Ketiga tersangka yang diamankan masing-masing berinisial A (47), H (34), dan E (39), yang berprofesi sebagai petani. Mereka ditangkap di lokasi berbeda di Kecamatan Sanga Desa, Kabupaten Musi Banyuasin, setelah polisi menerima laporan masyarakat terkait maraknya transaksi narkoba di wilayah tersebut.
Pengungkapan kasus ini berawal dari informasi mengenai aktivitas mencurigakan di kediaman tersangka A di Desa Keban I. Menindaklanjuti laporan tersebut, tim yang dipimpin Kasubdit II langsung melakukan penggerebekan pada pukul 17.30 WIB dan berhasil mengamankan tersangka A dan H di lokasi.
Dari hasil penggeledahan, petugas menemukan barang bukti berupa 2 paket sedang dan 10 paket kecil narkotika jenis sabu dengan berat bruto 17,08 gram. Selain itu, turut diamankan 8 butir pil ekstasi dengan berat bruto 3,53 gram, yang terdiri dari 7 butir berwarna kuning berlogo kaki dan 1 butir berwarna pink berlogo granat. Seluruh barang bukti dikemas dalam plastik klip transparan siap edar.
Direktur Reserse Narkoba Polda Sumsel, Kombes Pol Yulian Perdana, S.I.K., menegaskan bahwa pengungkapan ini merupakan bagian dari strategi berkelanjutan dalam memutus rantai distribusi narkotika hingga ke tingkat desa.

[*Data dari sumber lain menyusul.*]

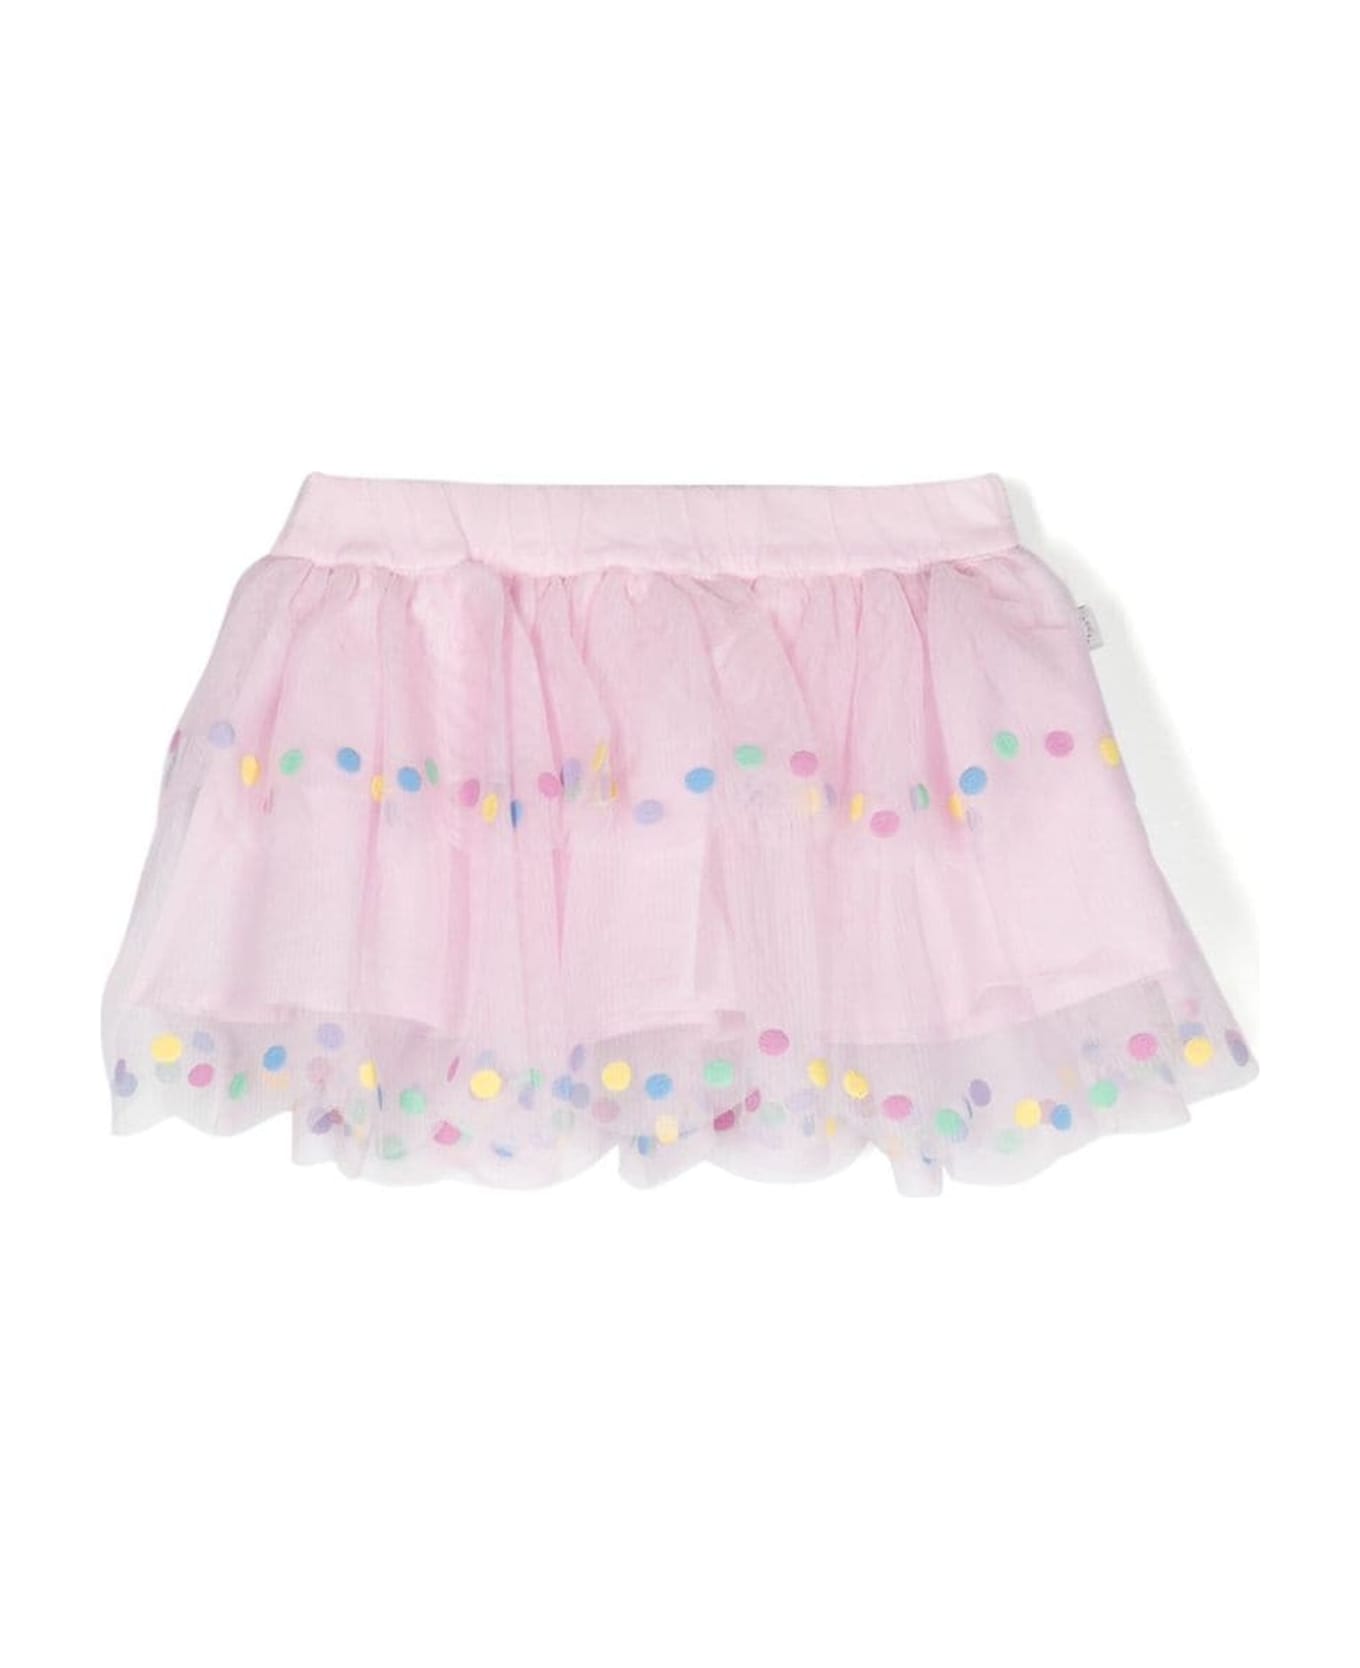 Stella McCartney Kids Skirts Pink - Pink ボトムス

“Kami tidak memberikan ruang sekecil apa pun bagi jaringan narkoba. Penindakan ini membuktikan bahwa pengawasan kepolisian menjangkau hingga pelosok wilayah demi melindungi masyarakat,” tegasnya.
Berdasarkan hasil interogasi awal, petugas memperoleh informasi bahwa barang haram tersebut berasal dari tersangka E. Tim kemudian melakukan pengembangan dengan cepat dan berhasil mengamankan E sekitar pukul 19.00 WIB saat datang ke lokasi yang telah dipantau petugas.
Saat ini, ketiga tersangka telah diamankan di Mapolda Sumsel guna menjalani proses penyidikan lebih lanjut. Mereka dijerat dengan Pasal 114 ayat (2) Jo Pasal 132 Undang-Undang Nomor 35 Tahun 2009 tentang Narkotika, serta ketentuan dalam Undang-Undang Nomor 1 Tahun 2023 tentang KUHP sebagaimana telah disesuaikan dengan Undang-Undang Nomor 1 Tahun 2026.
Kabid Humas Polda Sumsel, Kombes Pol Nandang Mu’min Wijaya, S.I.K., M.H., menegaskan bahwa keberhasilan ini merupakan bentuk nyata kehadiran negara dalam memberikan perlindungan kepada masyarakat dari ancaman narkotika.
“Kami akan menindak tegas setiap bentuk kejahatan narkotika. Sinergi antara masyarakat dan kepolisian menjadi kunci utama dalam menciptakan situasi kamtibmas yang aman dan kondusif,” ujarnya.
Penyidik Ditresnarkoba Polda Sumsel saat ini masih melakukan pengembangan lebih lanjut untuk mengungkap jaringan pemasok di atas para tersangka serta kemungkinan keterlibatan pelaku lainnya.